** Opening Extracted information block **

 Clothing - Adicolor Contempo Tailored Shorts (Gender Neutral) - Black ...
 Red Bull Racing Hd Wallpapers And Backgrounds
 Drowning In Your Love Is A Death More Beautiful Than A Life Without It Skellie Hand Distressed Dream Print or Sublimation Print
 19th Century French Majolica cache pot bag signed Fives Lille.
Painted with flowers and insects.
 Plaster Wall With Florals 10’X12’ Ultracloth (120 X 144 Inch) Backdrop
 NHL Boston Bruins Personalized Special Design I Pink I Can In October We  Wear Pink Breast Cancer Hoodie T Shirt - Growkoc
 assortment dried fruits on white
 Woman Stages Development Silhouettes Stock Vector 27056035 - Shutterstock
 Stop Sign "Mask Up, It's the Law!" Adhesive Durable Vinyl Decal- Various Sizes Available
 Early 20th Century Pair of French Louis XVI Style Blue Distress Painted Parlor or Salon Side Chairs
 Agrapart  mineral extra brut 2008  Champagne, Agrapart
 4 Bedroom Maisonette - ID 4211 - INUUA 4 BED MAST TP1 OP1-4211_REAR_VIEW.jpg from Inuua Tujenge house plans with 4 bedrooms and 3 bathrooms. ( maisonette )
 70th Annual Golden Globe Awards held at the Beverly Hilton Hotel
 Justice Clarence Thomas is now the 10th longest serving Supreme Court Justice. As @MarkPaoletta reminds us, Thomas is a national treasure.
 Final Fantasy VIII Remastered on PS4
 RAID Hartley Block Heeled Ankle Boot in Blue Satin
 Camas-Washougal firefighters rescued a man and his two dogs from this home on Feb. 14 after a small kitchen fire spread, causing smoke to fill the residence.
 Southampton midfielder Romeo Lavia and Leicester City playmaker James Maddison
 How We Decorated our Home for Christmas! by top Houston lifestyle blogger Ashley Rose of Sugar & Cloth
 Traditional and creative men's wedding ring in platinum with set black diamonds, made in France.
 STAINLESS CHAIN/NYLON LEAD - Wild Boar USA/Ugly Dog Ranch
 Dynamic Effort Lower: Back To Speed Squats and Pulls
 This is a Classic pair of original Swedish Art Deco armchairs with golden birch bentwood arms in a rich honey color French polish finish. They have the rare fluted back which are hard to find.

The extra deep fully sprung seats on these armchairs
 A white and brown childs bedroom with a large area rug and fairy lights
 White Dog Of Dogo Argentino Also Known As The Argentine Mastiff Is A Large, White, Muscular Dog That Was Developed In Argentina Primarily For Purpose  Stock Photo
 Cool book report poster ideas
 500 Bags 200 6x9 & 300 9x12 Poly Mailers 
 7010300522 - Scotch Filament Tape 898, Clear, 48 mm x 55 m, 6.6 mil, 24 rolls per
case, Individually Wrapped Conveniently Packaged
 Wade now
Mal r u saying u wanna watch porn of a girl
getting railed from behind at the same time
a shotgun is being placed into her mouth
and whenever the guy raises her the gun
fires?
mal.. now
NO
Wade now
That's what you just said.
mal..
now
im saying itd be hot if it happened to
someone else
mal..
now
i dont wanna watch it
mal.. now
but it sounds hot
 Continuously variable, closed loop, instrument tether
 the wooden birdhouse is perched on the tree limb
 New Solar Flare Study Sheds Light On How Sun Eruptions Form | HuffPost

** Closing Extracted information block **

Exercise requirements: Leaving out all lines before the one containing "a shotgun is being placed into her mouth", copy that line and the rest through the end of the listing above exactly.

Expected answer:
a shotgun is being placed into her mouth
and whenever the guy raises her the gun
fires?
mal.. now
NO
Wade now
That's what you just said.
mal..
now
im saying itd be hot if it happened to
someone else
mal..
now
i dont wanna watch it
mal.. now
but it sounds hot
 Continuously variable, closed loop, instrument tether
 the wooden birdhouse is perched on the tree limb
 New Solar Flare Study Sheds Light On How Sun Eruptions Form | HuffPost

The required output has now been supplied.